Nearly half of the 21 divisions were found in all four libraries. The average abundance of the nine common divisions ranged from 2 to 82 clones per library. The divisions occurring in only one library were represented by one or two clones each. The low representation of the rare divisions made it impossible to interpret the unique occurrence of these divisions. For the nine common divisions, three qualitative points of interest were noted. First, at each site, the relative abundance of Proteobacteria was lower in the interspace soil survey than in the rhizosphere soil survey (Fig. 1). Second, the relative abundance of gram-positive bacteria was higher in the interspace soil survey than in the rhizosphere soil survey at each site.
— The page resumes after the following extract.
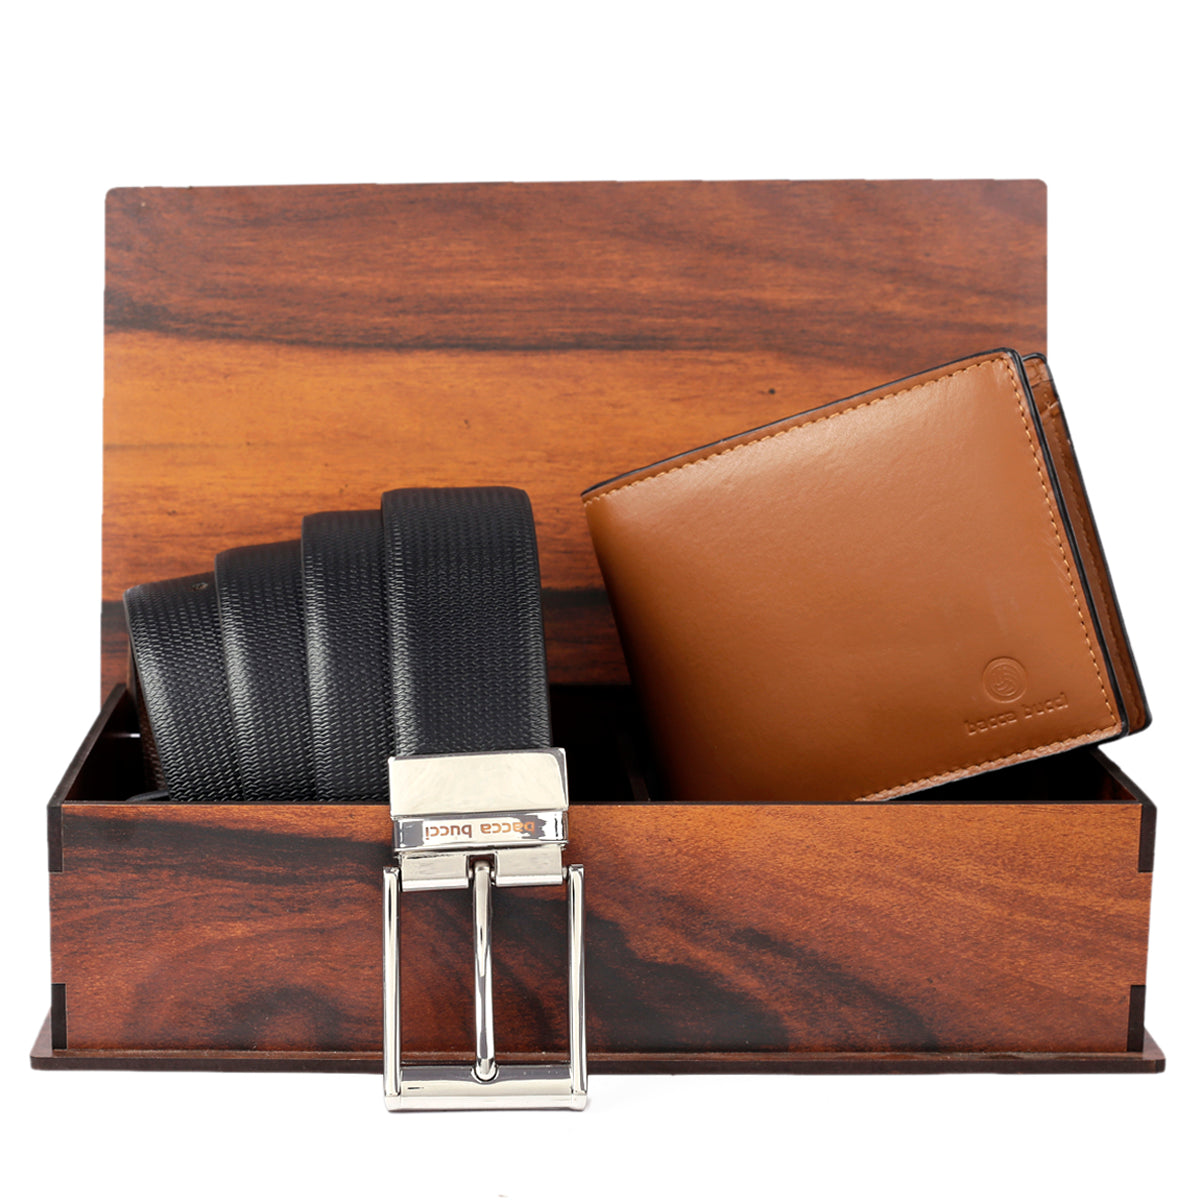 Designer Leather Wallets For Men

For both the Proteobacteria and gram-positive divisions, the differences in abundance between the Cosnino interspace and rhizosphere soils were small, whereas the differences between the Sunset Crater interspace and rhizosphere soils were larger. Third, the abundance of the Cytophaga-Flexibacter-Bacteroides group was higher in the Cosnino soil surveys than in the Sunset Crater soil surveys.
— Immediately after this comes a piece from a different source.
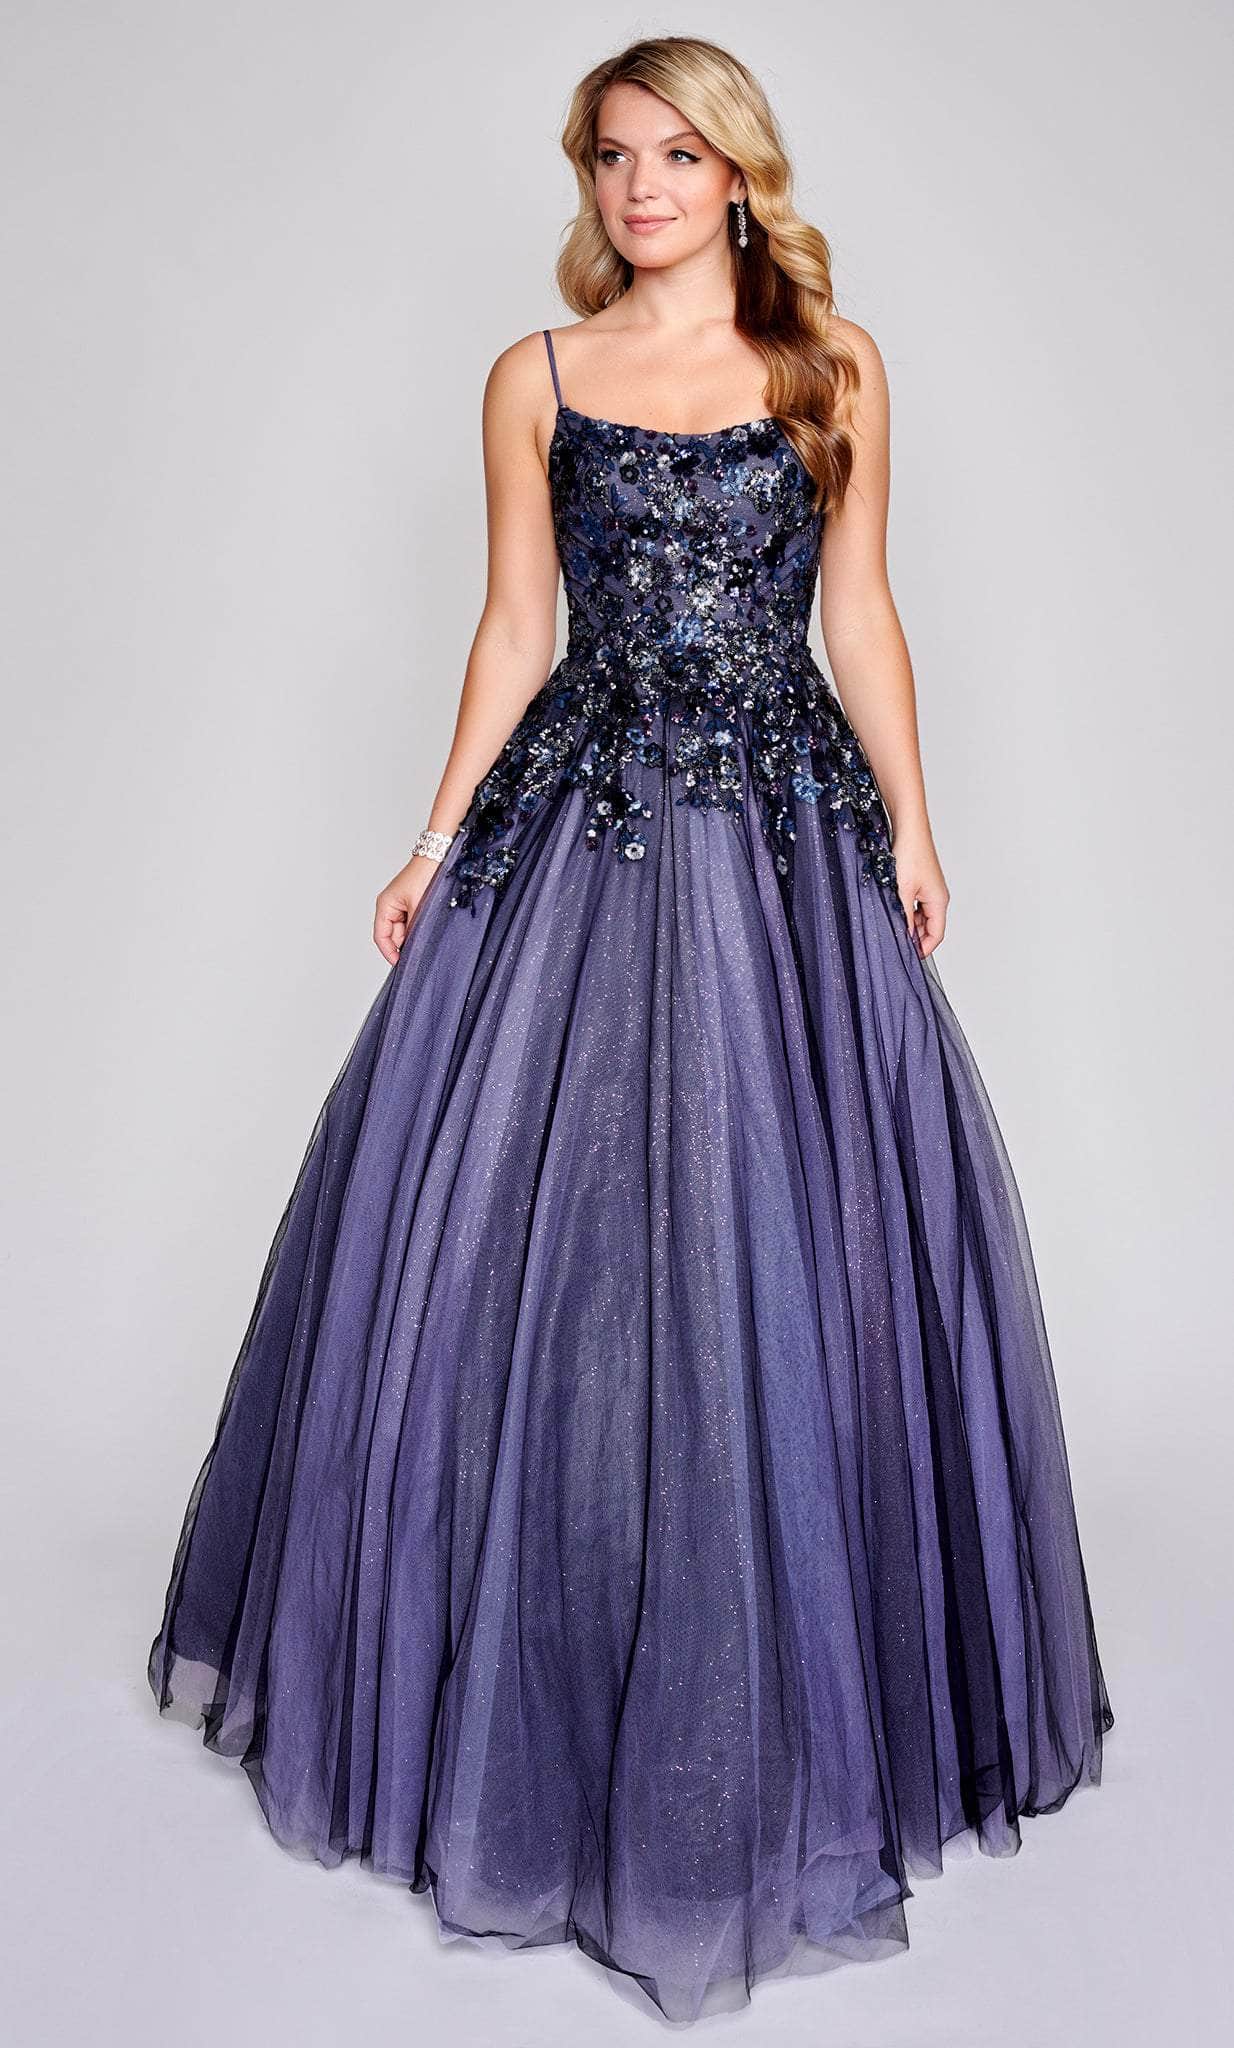 Image of Nina Canacci 3206 - Floral Embellished Sleeveless Prom Dress

Abundance distribution of bacterial divisions.
Analysis of the abundance distribution of bacterial divisions in the clone libraries demonstrated significant differences between the Sunset Crater soil communities and the Cosnino soil communities (Fig. 2). More bacterial divisions were found in the volcanic cinder soil libraries (average, 14; combined total, 18 for rhizosphere and interspace libraries) than in the libraries from the sandy loam soil at Cosnino (average, 12; combined total, 14), suggesting a more skewed distribution of division abundance in the Cosnino soils.
|
Extrapolation of division-level diversity in environmental samples.
The total number of bacterial divisions in environmental samples is completely unknown but could potentially be estimated from partial survey data. Since the efficacy of different extrapolation methods is dependent on the data set, trial-and-error application of different methods is often necessary (26). We applied three different statistical methods to data from the Arizona soil surveys and a hot spring survey (10) in an attempt to estimate the total number of divisions in each environment.
Asymptotes of the division-level sampling curves in Fig. 2 were estimated by fitting the data to a two-parameter linear model of the form S(n) = Smax - BS(n)/n, where n is the number of individuals sampled, S is division-level diversity, and B is a fitted constant (26). This model is the Eadie-Hofstee transformation routinely used for estimating Vmax in enzyme kinetics. The parameters Smax and B were estimated by using a maximum-likelihood technique (26). For the Yellowstone hot spring data, the two-parameter model provided an estimate of 30 divisions maximum versus the 26 actually observed. The model fit the data from the Arizona soil samples poorly, providing estimates of Smax for the Cosnino samples that were slightly lower than the actual observed values and equal to the observed values from the Sunset Crater samples.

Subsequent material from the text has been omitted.